Handcode Double ML for ATE using AIPW
Implement it using the causalDML
The Application Notebook builds on the dataset that is kindly
provided in the hdm
package. The data was used in Chernozhukov
and Hansen (2004). Their paper investigates the effect of
participation in the employer-sponsored 401(k) retirement savings plan
) on net assets (net_tfa
). Since then the
data was used to showcase many new methods.
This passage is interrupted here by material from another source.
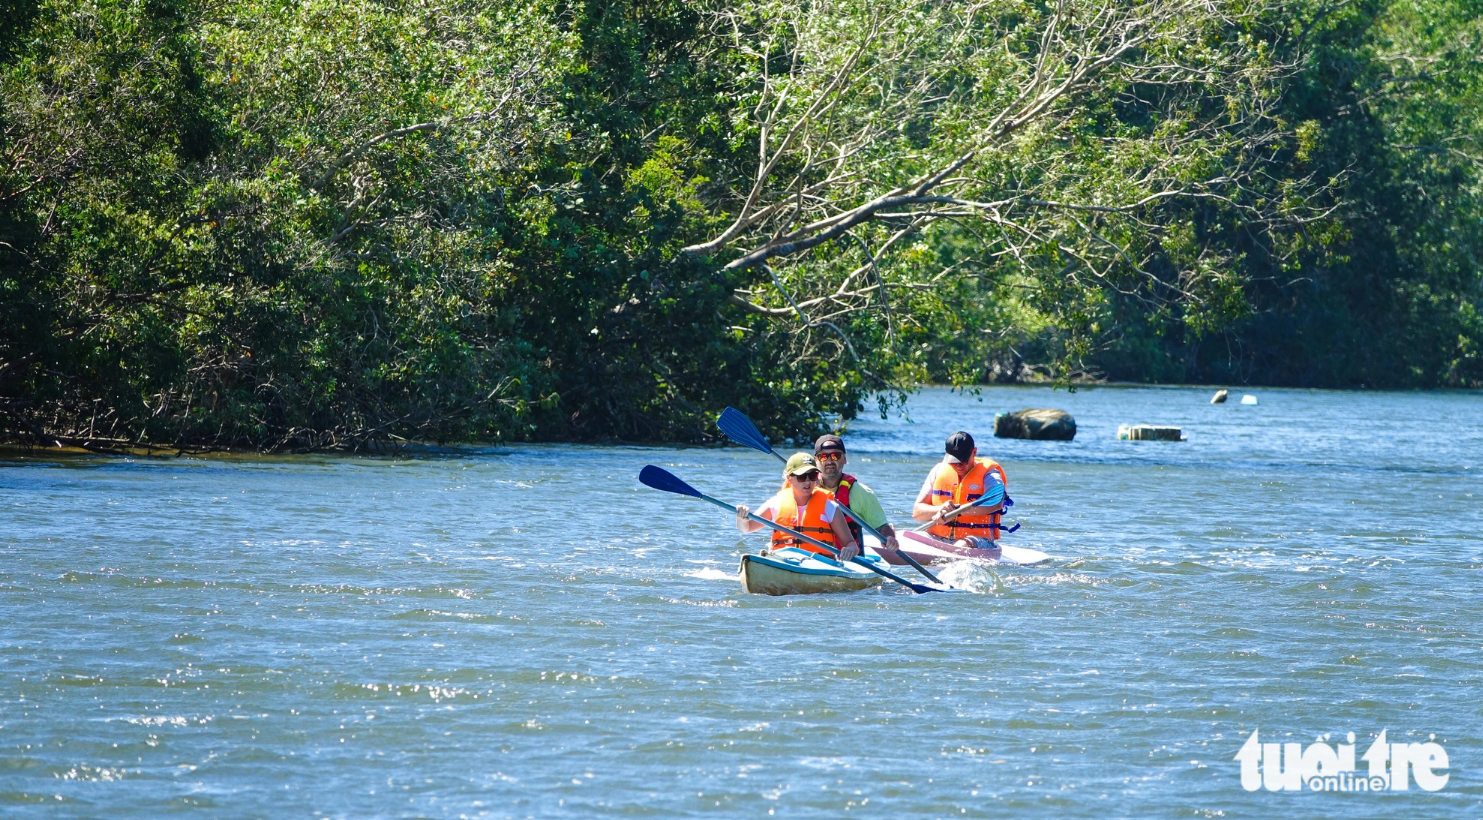 Foreign visitors go kayaking for some two kilometers in the Cua Can River to explore the natural beauty of the river. Photo: Chi Cong / Tuoi Tre

It is not the most
comprehensive dataset with basically ten
age: age
db: defined benefit pension
educ: education (in years)
fsize: family size
hown: home owner
inc: income (in US $)
male: male
marr: married
pira: participation in individual retirement account (IRA)
twoearn: two earners
However, it is publicly available and the relatively few covariates ensure that the programs do not run too long.
# To install the causalDML package uncomment the following two lines
# library(devtools)
# install_github(repo="MCKnaus/causalDML")
# Load the packages required for later
set.seed(1234) # for replicability
options(scipen = 10) # Switch off scientific notation
# Outcome
Y = pension$net_tfa
# Treatment
W = pension$p401
# Create main effects matrix
X = model.matrix(~ 0 + age + db + educ + fsize + hown + inc + male + marr + pira + twoearn, data = pension)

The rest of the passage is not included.